September 7, 2016 | Events, UToday
By Christine Billau

The University of Toledo Military Service Center has partnered with Harley-Davidson to host the first Veterans Matter Ride to help house homeless veterans as part of UT’s Hero Appreciation Day and football game Saturday, Sept. 10.

Organizers are hosting a news conference to invite the public Wednesday, Sept. 7, 3 p.m. the UT Veterans Memorial Plaza.

veterans matter“No one who has served our nation should have to live on the streets,” said Navy Reserve Lt. Haraz N. Ghanbari, UT director of military and veteran affairs. “Our commitment to veterans extends beyond the sidewalks and boundaries of our campus, and directly into the communities in which we serve.”

Registration for the motorcycle ride is from 8 to 10 a.m. Saturday, Sept. 10, in parking lot 5 at Savage Arena. The ride begins at 11 a.m. with a police escort through campus and ends at Toledo Harley-Davidson, 7960 W. Central Ave. Riders will be greeted at Toledo Harley-Davidson by music and food from local vendors, including Nick & Nino’s and Deet’s BBQ.

“These men and women have been through a lot in their lives, and this is our chance to give back,” said Tim Sherman, owner of Toledo Harley-Davidson and Signature Harley-Davidson in Perrysburg. “The land of the free can help to provide homes for the brave. These veterans deserve it.”

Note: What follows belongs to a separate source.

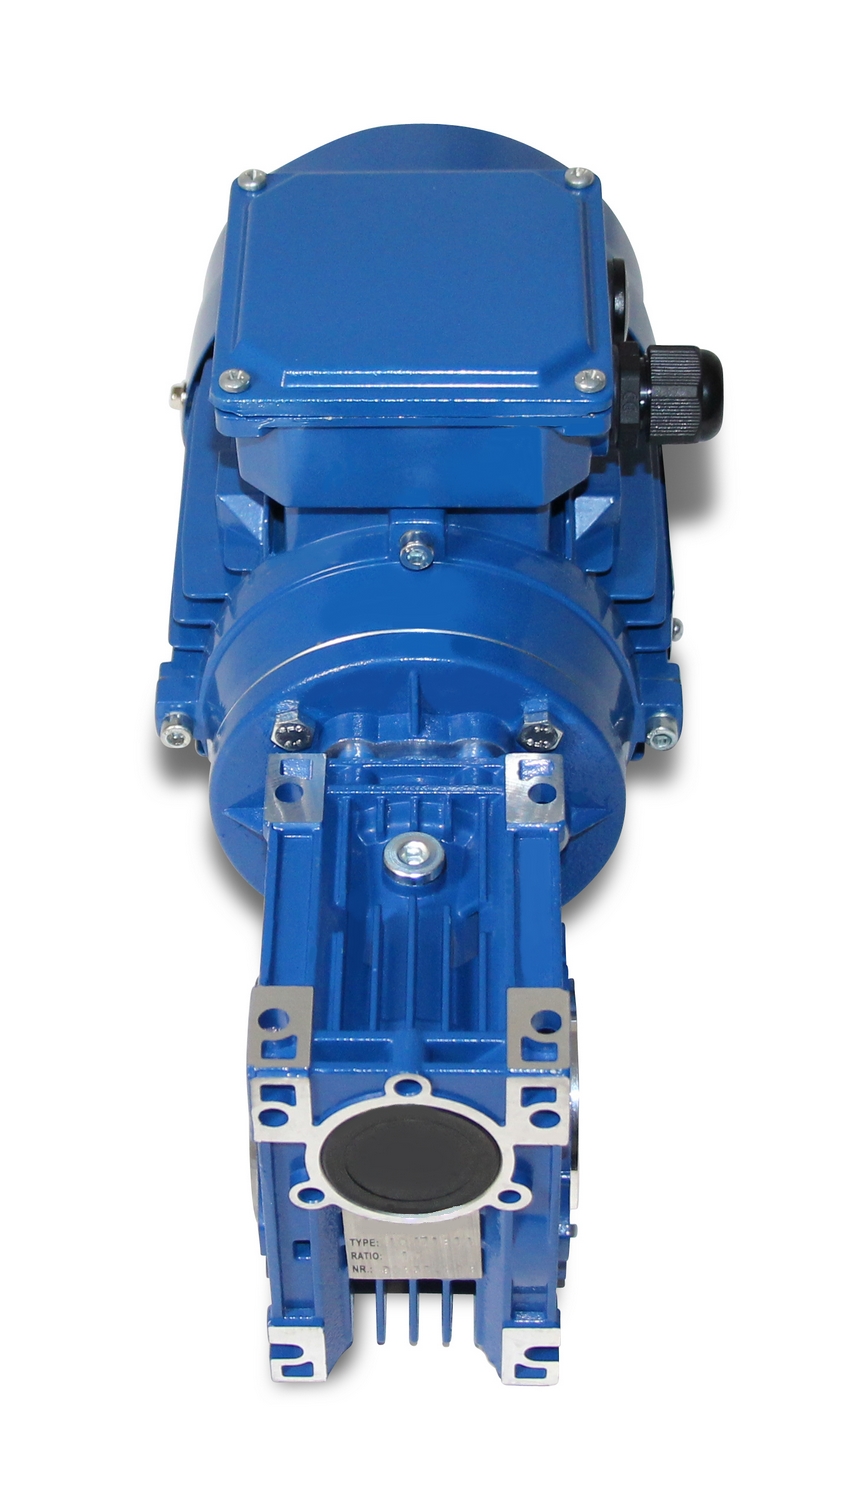 CMRV 040-712-4 - 0,37 kW - 70 Upm-Schneckengetriebemotor

Before the Rocket football game begins, two veterans will transport the American flag and UT mascots into Glass Bowl Stadium at 7 p.m. just prior to a flyover by the 180th Fighter Wing.

Those interested in riding can pre-register by texting “Harley” to 41444 or online at VeteransMatter.org/ride. The cost is $10 per rider or $25 for the premium registration, which includes a pin and event shirt. All proceeds will help house more homeless veterans in the community, state and nation.

Veterans Matter, a program run by a nonprofit organization in Toledo called 1Matters, was started to house 35 local veterans and provides deposits directly to landlords to eliminate the last barrier preventing homeless veterans from crossing the threshold into VA-supported, long-term, voucher-assisted housing. Founder Ken Leslie grew the program to become a national campaign that has housed more than 1,100 veterans in more than 160 cities.